— Task statement —
Where the line containing "Plate Lifter" appears below, start there and repeat each line exactly to the end. Leave the pictures out.

— Dataset section —
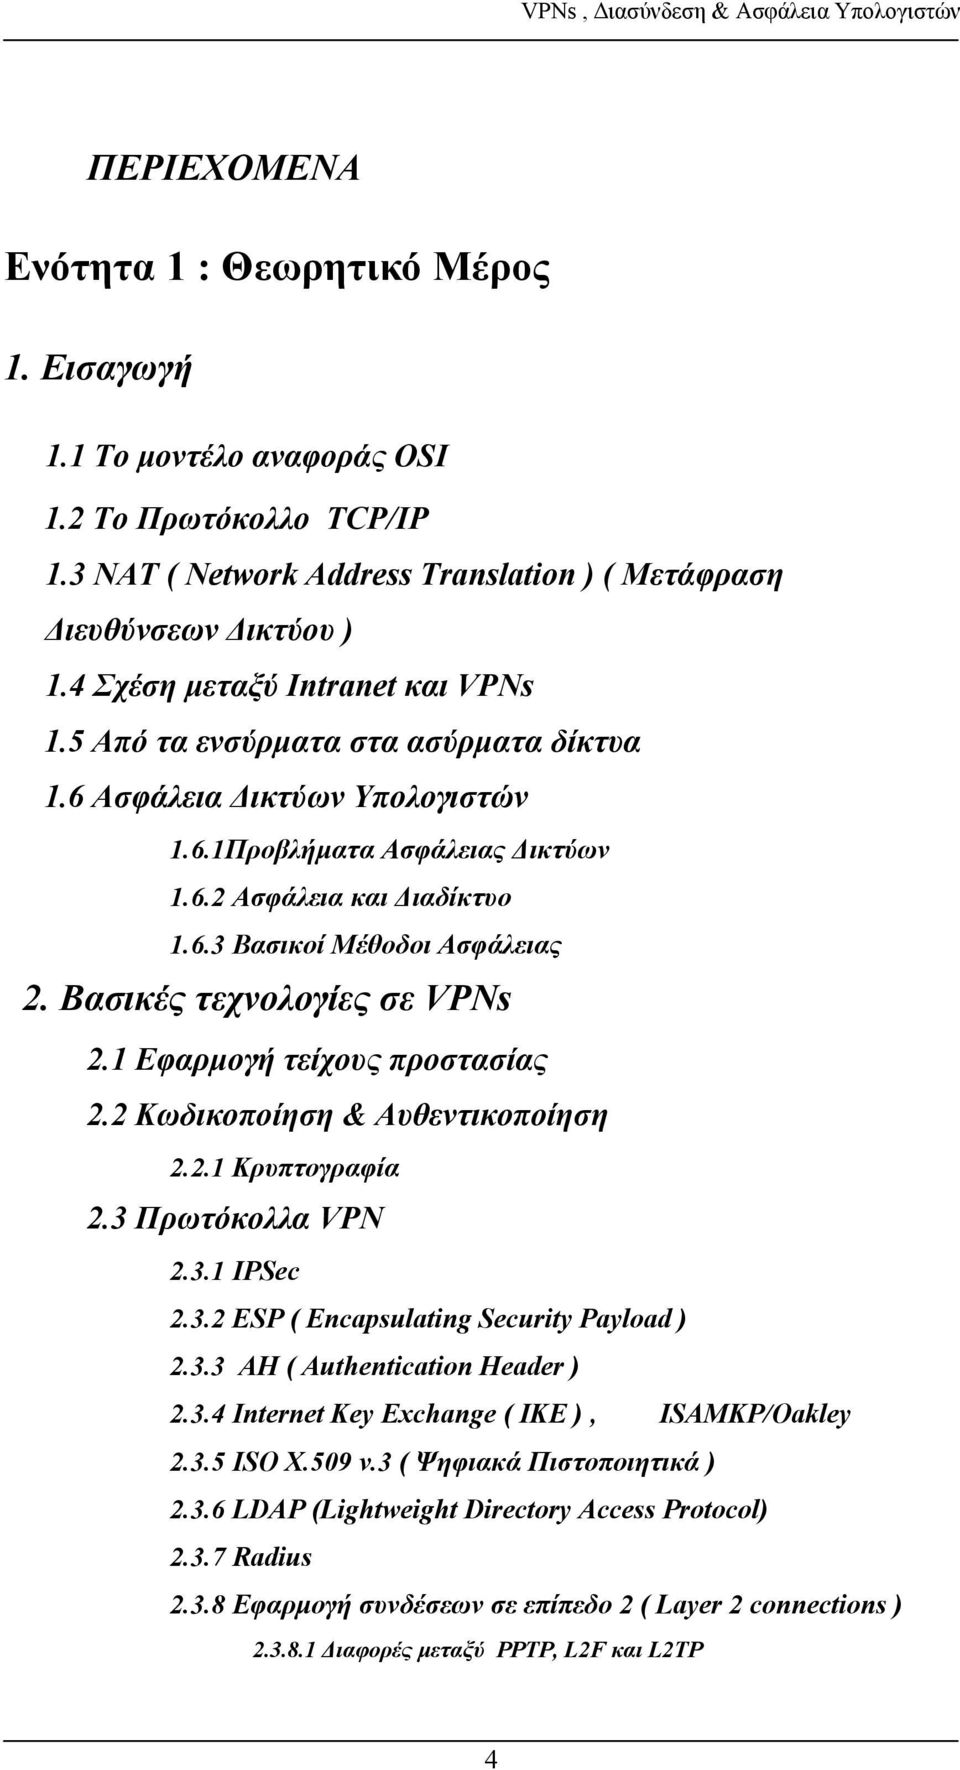 Βασικές τεχνολογίες σε VPNs 2.1 Εφαρμογή τείχους προστασίας 2.2 Κωδικοποίηση & Αυθεντικοποίηση 2.2.1 Κρυπτογραφία 2.3 Πρωτόκολλα VPN 2.3.1 IPSec 2.3.2 ESP ( Encapsulating Security Payload ) 2.3.3 AH ( Authentication Header ) 2.
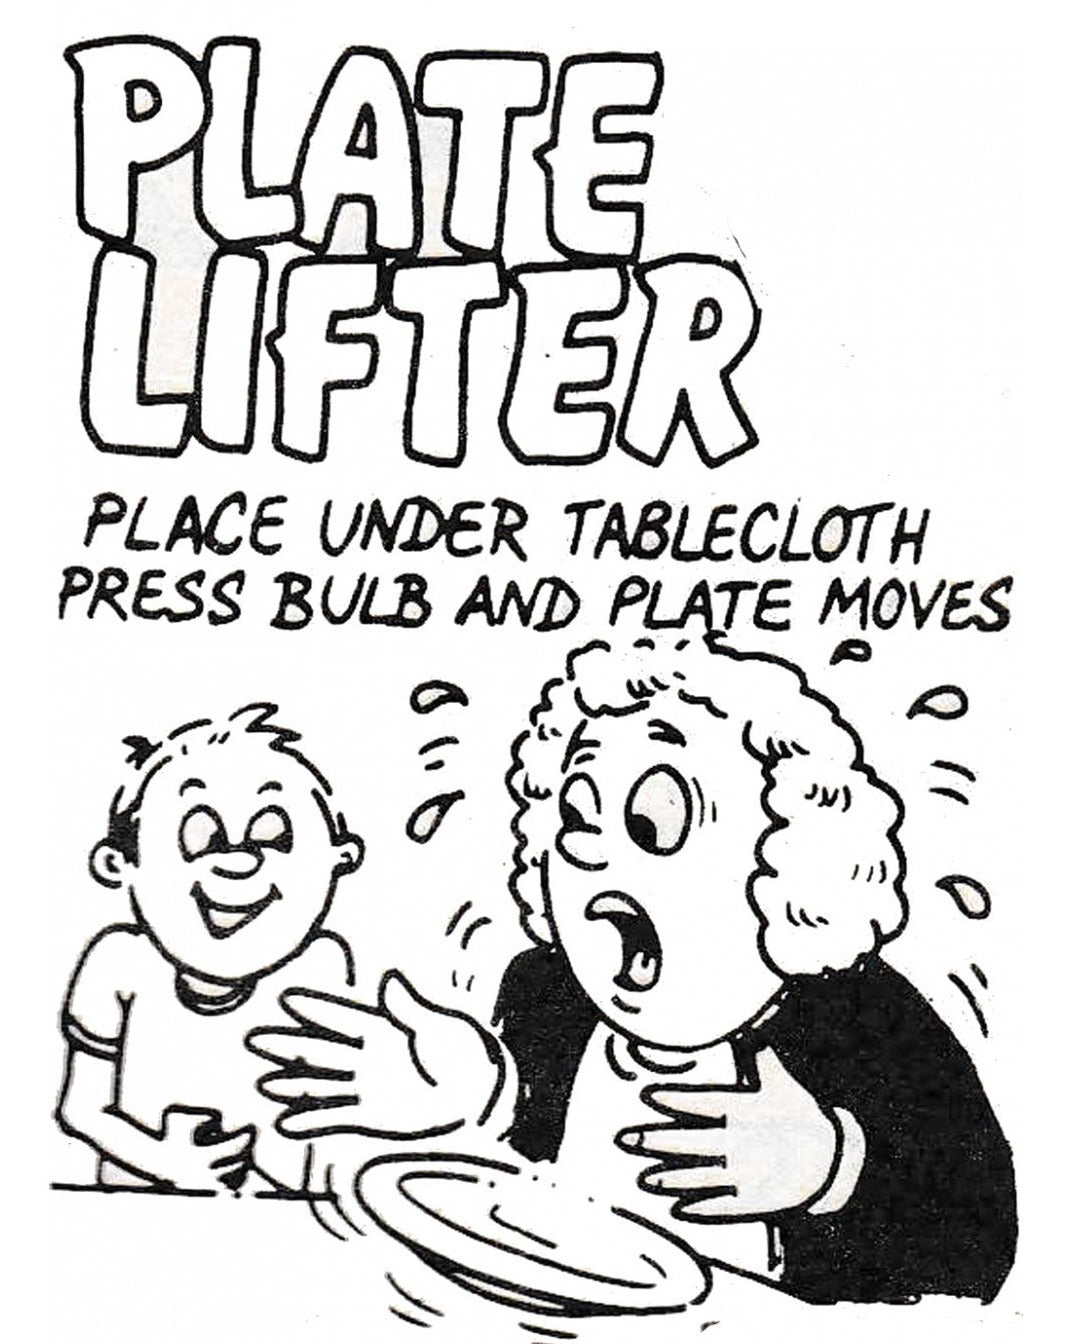 Plate Lifter
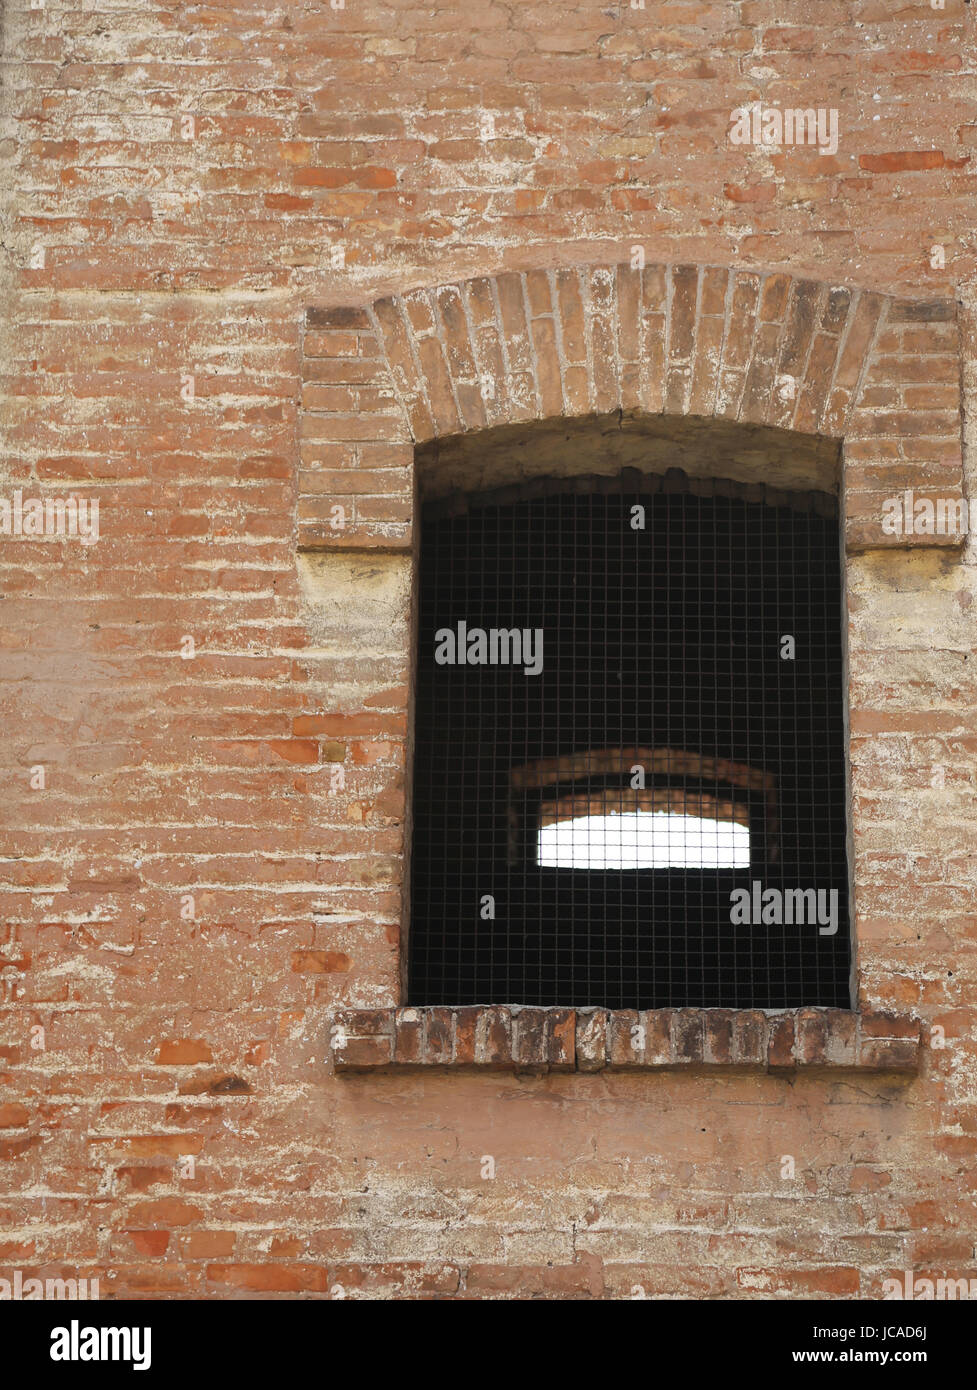 Fenster von einem alten Backsteinbau mit eisernen Gittern Stockfoto
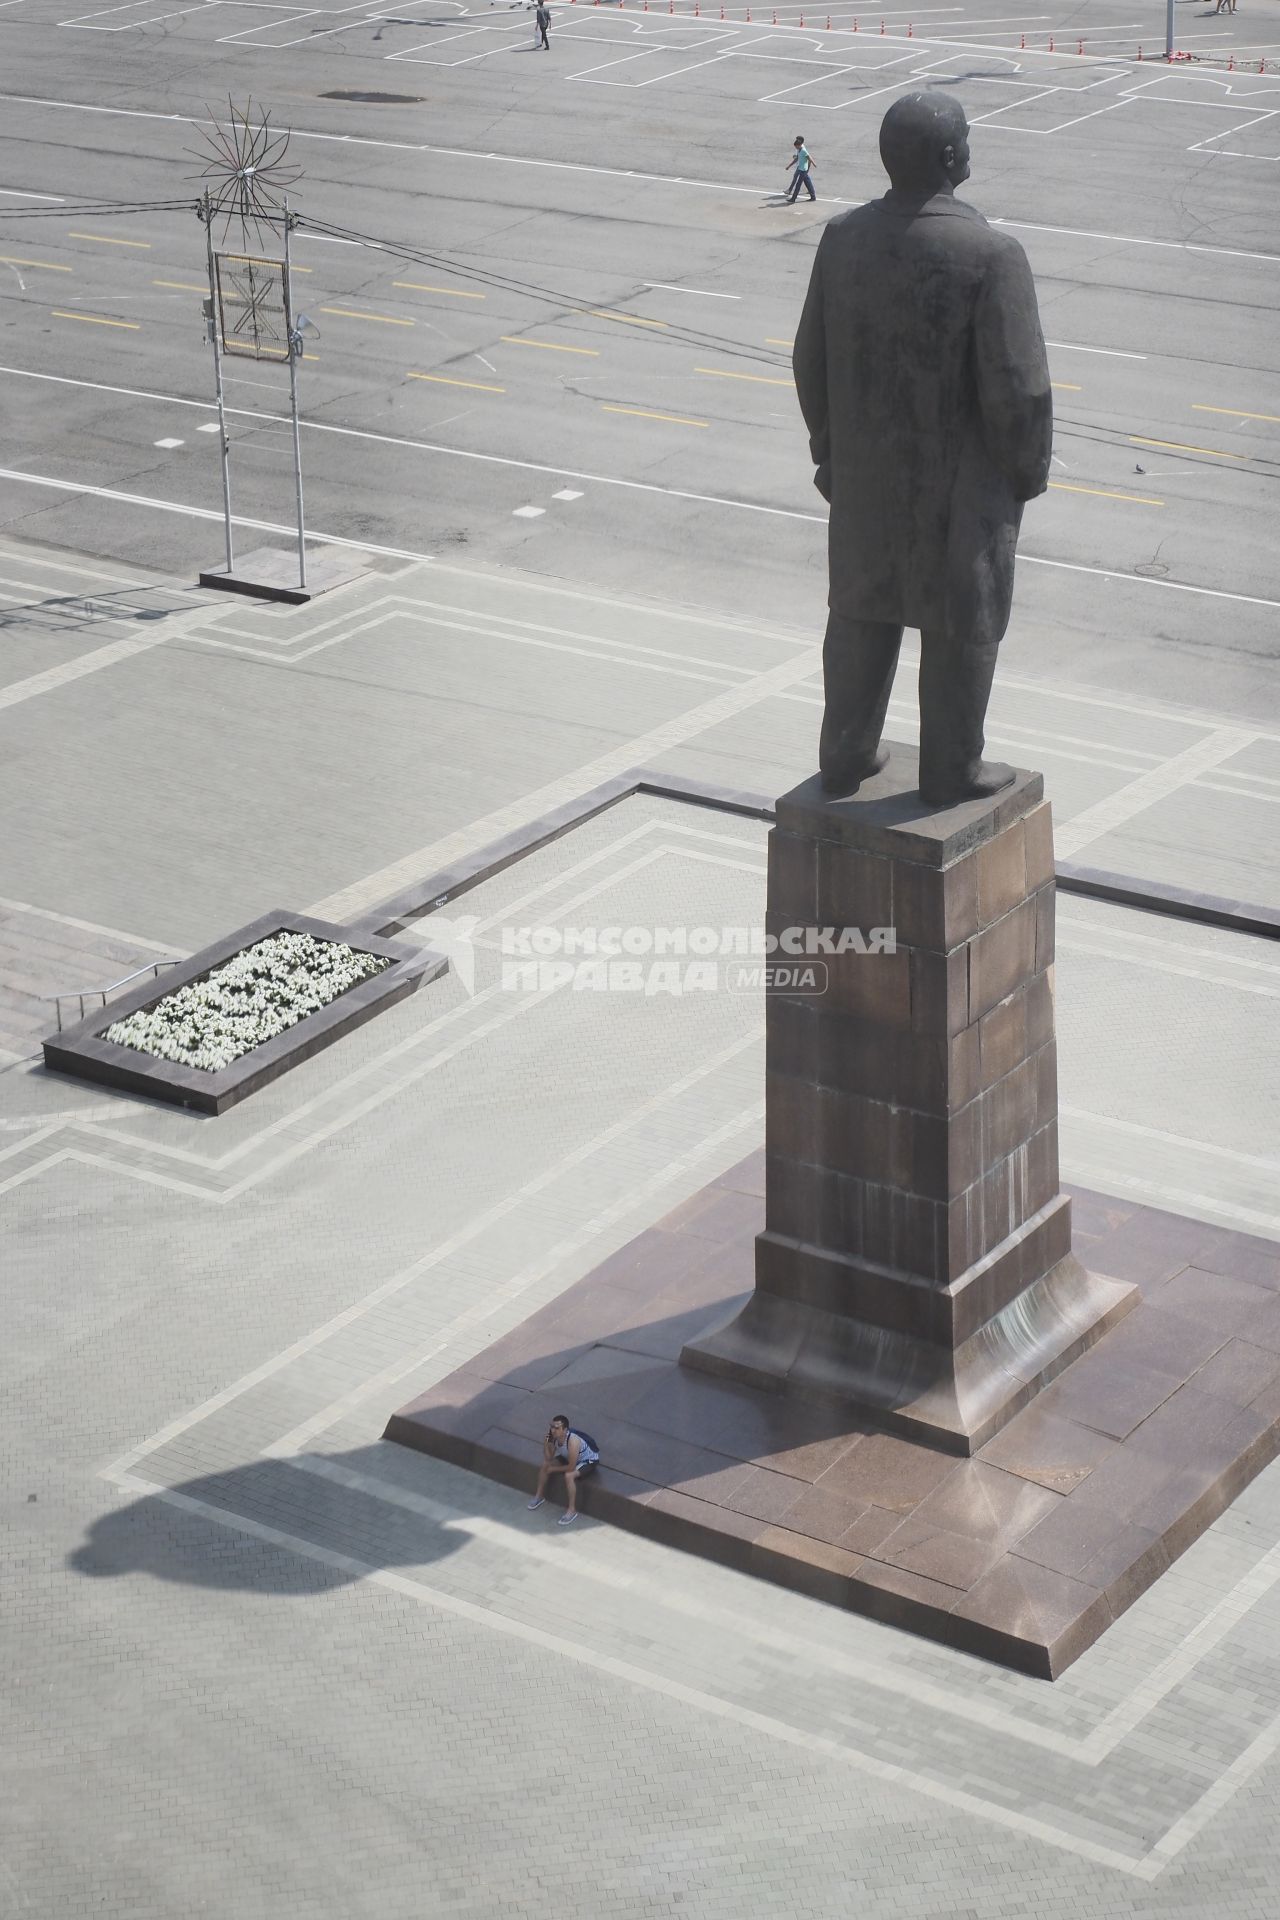 Тула. Мужчина сидит на постаменте в тени памятника Ленину.

— Exercise solution —
 Plate Lifter
 Fenster von einem alten Backsteinbau mit eisernen Gittern Stockfoto
 Тула. Мужчина сидит на постаменте в тени памятника Ленину.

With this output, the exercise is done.